There has been longstanding interest in estimating demography, as migration and population density are key parameters for evolution and ecology. Having a demographic model is essential for disentangling the effects of neutral evolution from selection, and hence crucial to understanding adaptation. Moreover, inference of demographic parameters is important for conservation and breeding management. As direct observations are often work-intensive and necessarily limited to short time scales, the increasing availability of genetic markers has spurred efforts to develop inference methods based on genetic data.

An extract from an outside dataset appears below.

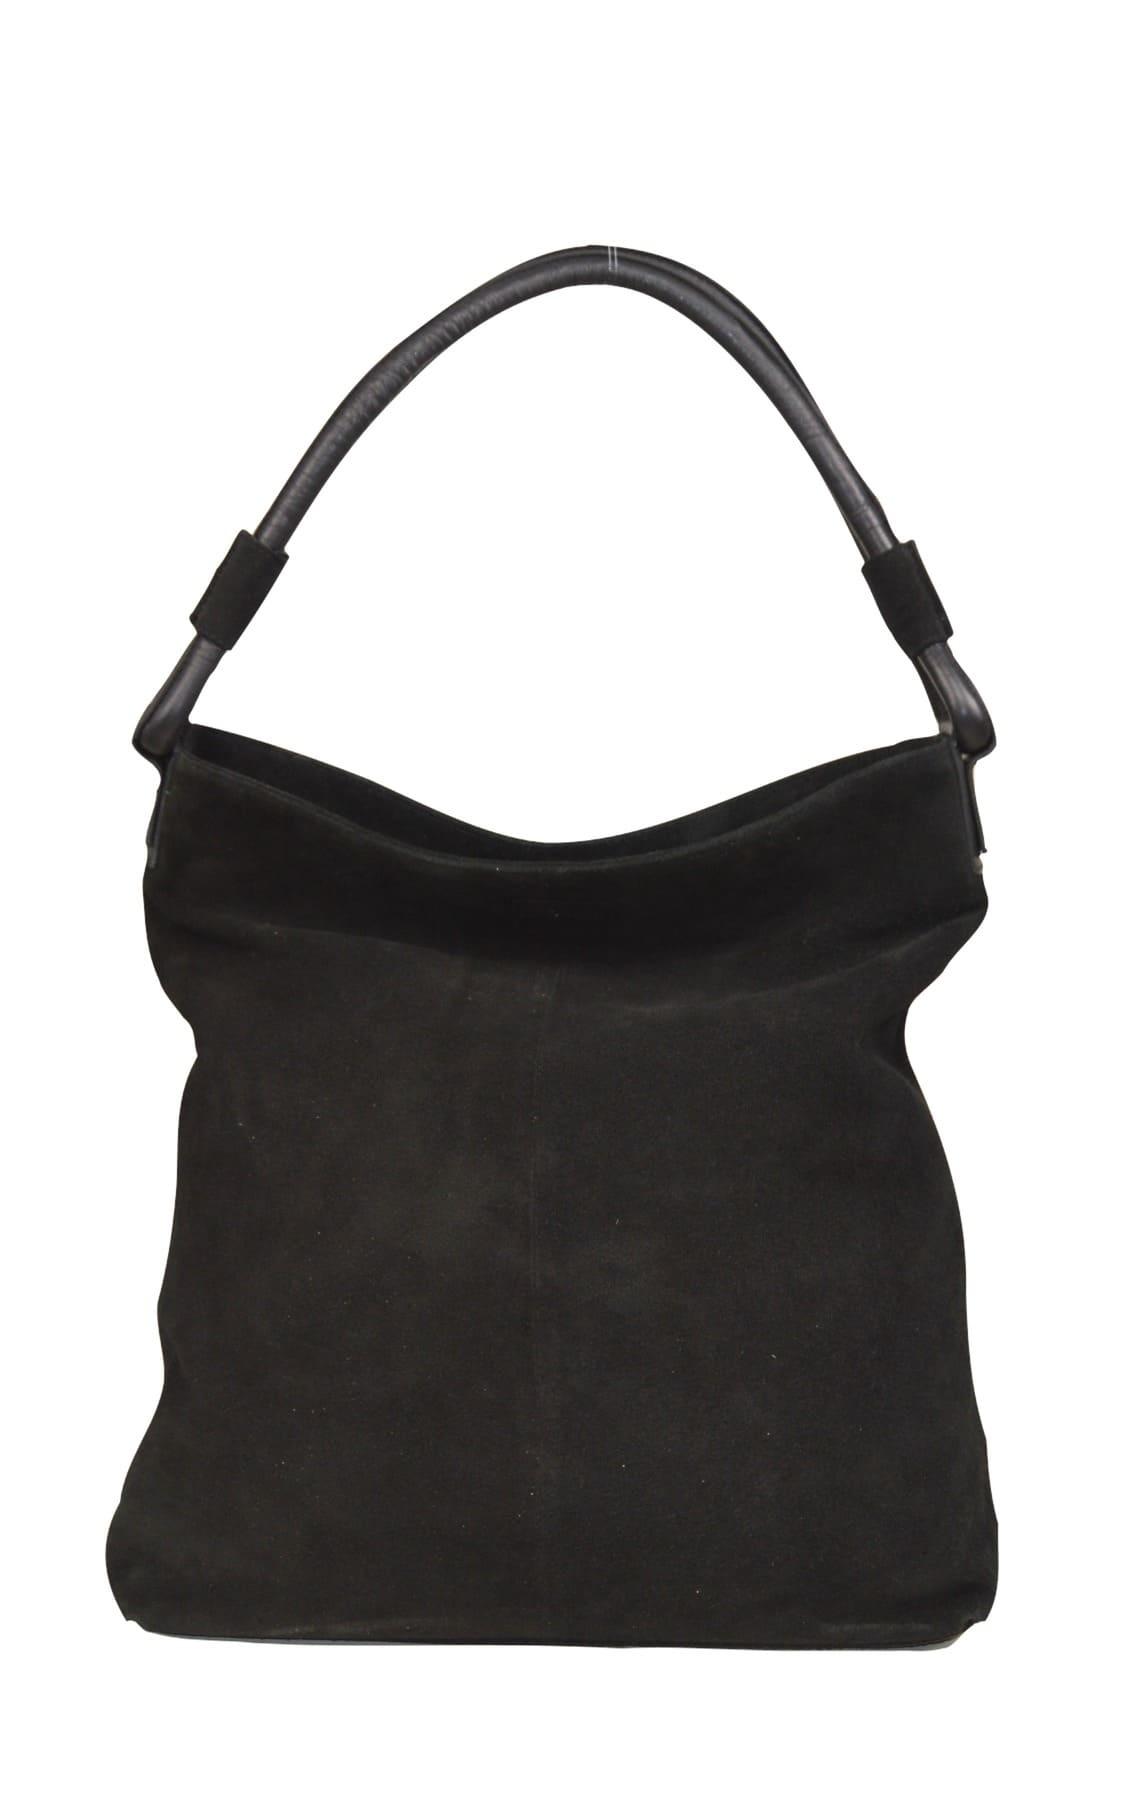 DSTRCT Portland Road Hobo Bag Black
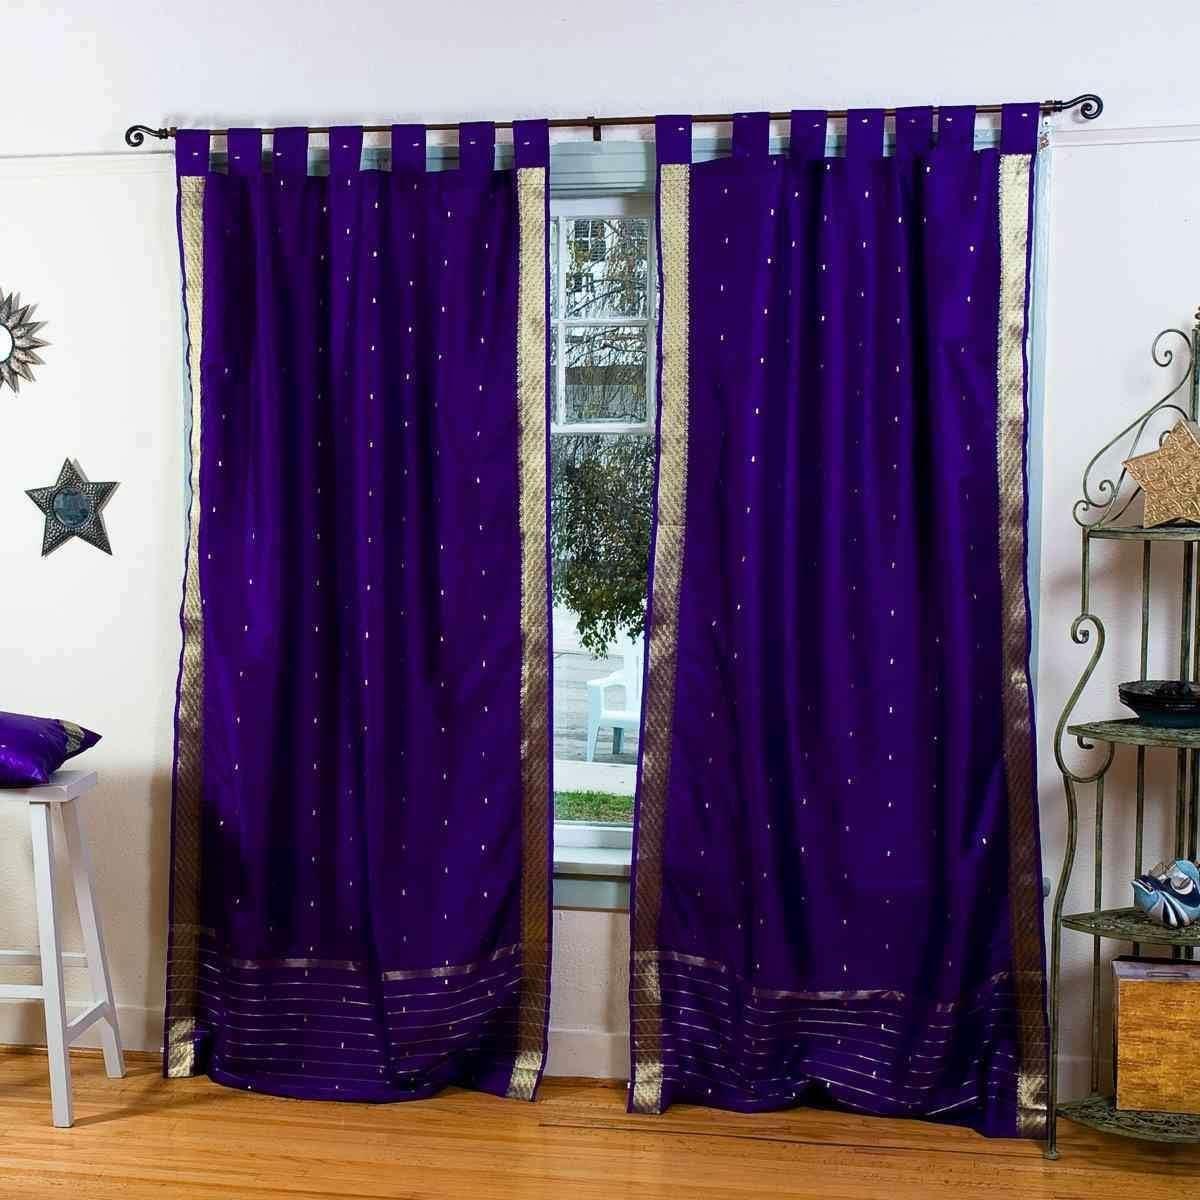 Indian Selections Lined-Purple Tab Top Sheer Sari Curtain Drape Panel – 60W x 108L – Pair

This work focuses on estimating demography by using pairwise shared long blocks of genome that originate from recent genetic co-ancestry. Specifically, we study so called IBD - blocks (identity by descent) in sexually reproducing populations, which are commonly defined as co-inherited segments delimited by recombination events on the path to the common ancestor (see Fig. 1). It has now become feasible to detect long regions of exceptional pairwise similarity from dense SNP or whole genome sequences (e.g. Gusev et al. (2009); Browning and Browning (2011)) and for regions longer than a few cM, the bulk of such regions mostly consists of a single IBD-block unbroken by recombination, at least when inbreeding is rare (Chiang et al. 2016). This yields novel opportunities for inferring recent demography, as one can study the direct traces of recent co-ancestry.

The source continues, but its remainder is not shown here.